BY TONY FARINA
Is former State Senator George Maziarz out of the woods nearly two years after he left office under the cloud of a federal investigation? While Maziarz left office denying he was being chased out, it appears the investigation into Maziarz’s campaign account is now in the hands of the State Attorney General’s office, and the probe is heating up.
When Maziarz announced in July, 2014 that he would not seek re-election in the 62nd District after 19 years, he said it had nothing to do with reports that federal investigators had expanded their probe into his campaign account.
The once-powerful state lawmaker, a political kingmaker in Niagara County and a leader in the Republican-controlled State Senate, told this newspaper at the time of his resignation that “I will be completely exonerated because I have done absolutely nothing wrong.”
It was reported back then that U. S. Attorney Preet Bharara of the Southern District, who has won convictions against top Albany political figures like former Assembly Speaker Sheldon Silver and former State Sen. Majority Leader Dean Skelos, was examining dozens of payments made to the family of Maziarz’s campaign treasurer as well as tens of thousands of dollars in unitemized checks that were made out to cash and never reported to the Board of Elections, fruits of the disbanded Moreland Commission that had been established to investigate political corruption.
But so far, no charges have been placed against Maziarz or any of his advisers or campaign aides, and King George appears to be thriving, joining the high-powered Albany lobbying firm of Patricia Lynch Associates last June, where he serves as president of the firm’s Western New York division, and still boasting a campaign fund of close to $800,000 even after paying thousands to his lawyers.
Former State Senator George Maziarz has consistently denied wrongdoing. After one investigation, the US Attorney did not charge him. Now sources say the State Attorney General is looking at his campaign funding.
While sources tell this newspaper that federal investigators may have made a decision not to pursue Maziarz, we have learned that the State Attorney General’s office is now turning its attention to the former lawmaker and has him squarely in their sights.
According to our sources, the Public Integrity Unit of State Atty. Gen. Eric Schneiderman’s office is now focusing its attention on Maziarz after completing its work on the Steve Pigeon case which resulted in a nine-count state indictment against the former Erie County Democratic chairman on bribery and extortion charges. Pigeon and former State Supreme Court Justice John Michalek were both charged, leading to Michalek’s resignation from the bench. Pigeon has denied guilt in that case and plans to fight it all the way.
As for Maziarz, sources tell us that the Public Integrity Unit is looking at funds from the Maziarz campaign account going to undisclosed recipients through third parties, possibly to keep the real recipients of that money from being identified in campaign filings.

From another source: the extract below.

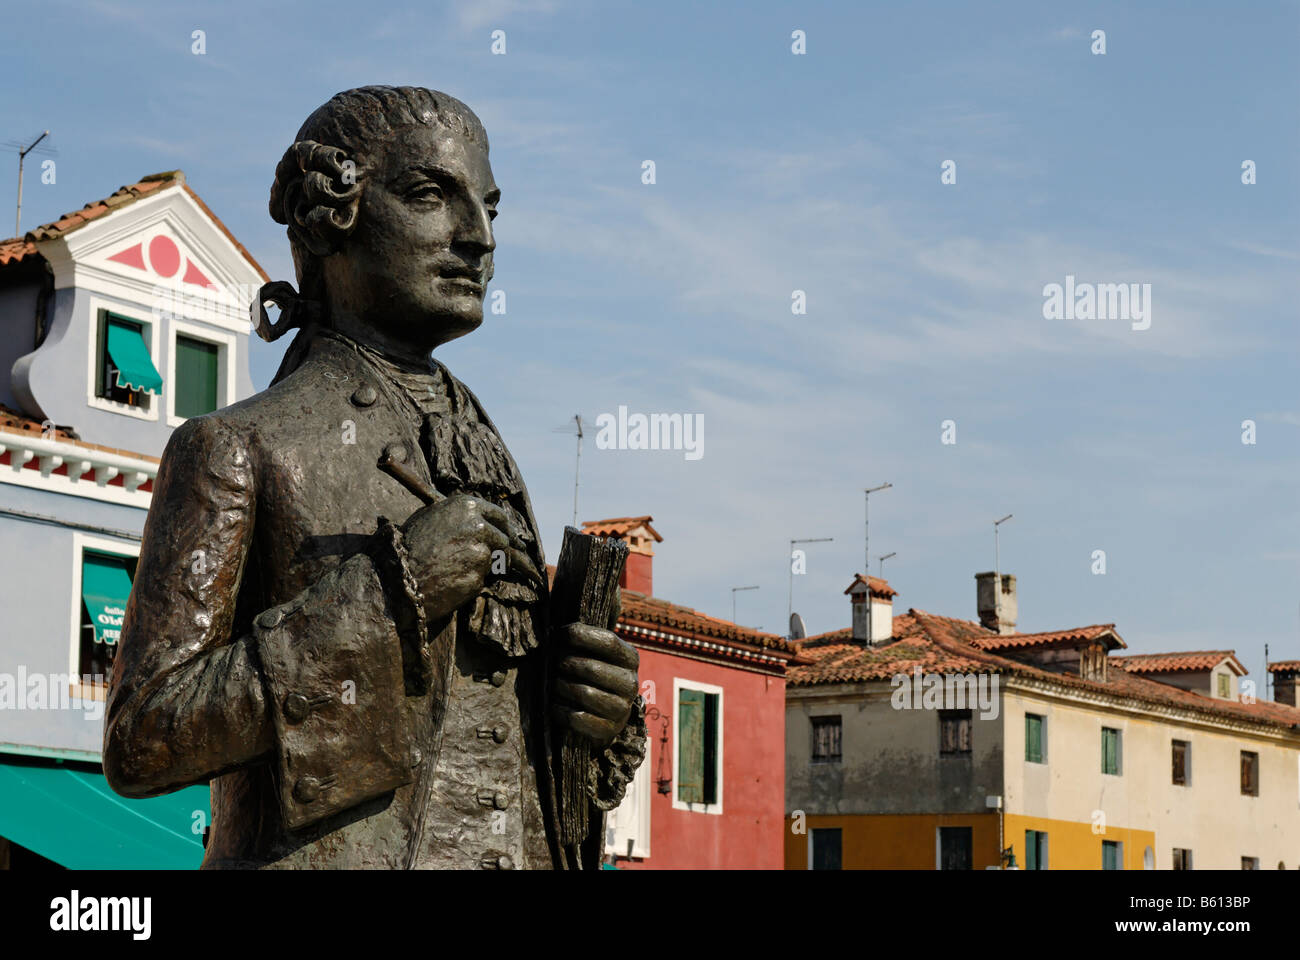 Monument, Baldassare Galuppi detto Buranello, composer, located on Piazza Galuppi on Burano, an island in the Venetian Lagoon Stock Photo

In other words, a source tells this newspaper, investigators appear to be looking at whether Maziarz was able to steer many thousands of dollars from his campaign to undisclosed recipients through a third party. It could possibly lead to charges of false filings, according to legal sources.
As for Maziarz, he has hardly missed a beat since leaving office, working briefly as a grant consultant with Niagara Falls Memorial Medical Center ($2,000 to $3,000 a month) and also gaining appointment to the relatively obscure state Economic Development Power Allocation Board, an unpaid position. He is also seen as still wielding considerable political power in Niagara County from his long years of delivering patronage.
Maziarz and his lawyers have strongly denied any wrongdoing in the handling of campaign funds during his time in the State Senate and neither he nor any members of his staff have been charged with any crimes. But sources say the Attorney General’s office is now focusing on Maziarz even as he works as a high-paid lobbyist for the Lynch lobbying firm.
The latest reports could be nothing more than Schneiderman’s office looking to grab attention in the corruption-probe spotlight that so far has been dominated by U. S. Attorney Bharara. But only time will tell if this is just more saber-rattling by state prosecutors in the wake of charging Pigeon or something more, and whether it could mean King George–once a political ally of Steve Pigeon– will eventually be charged for actions involving his huge political campaign account.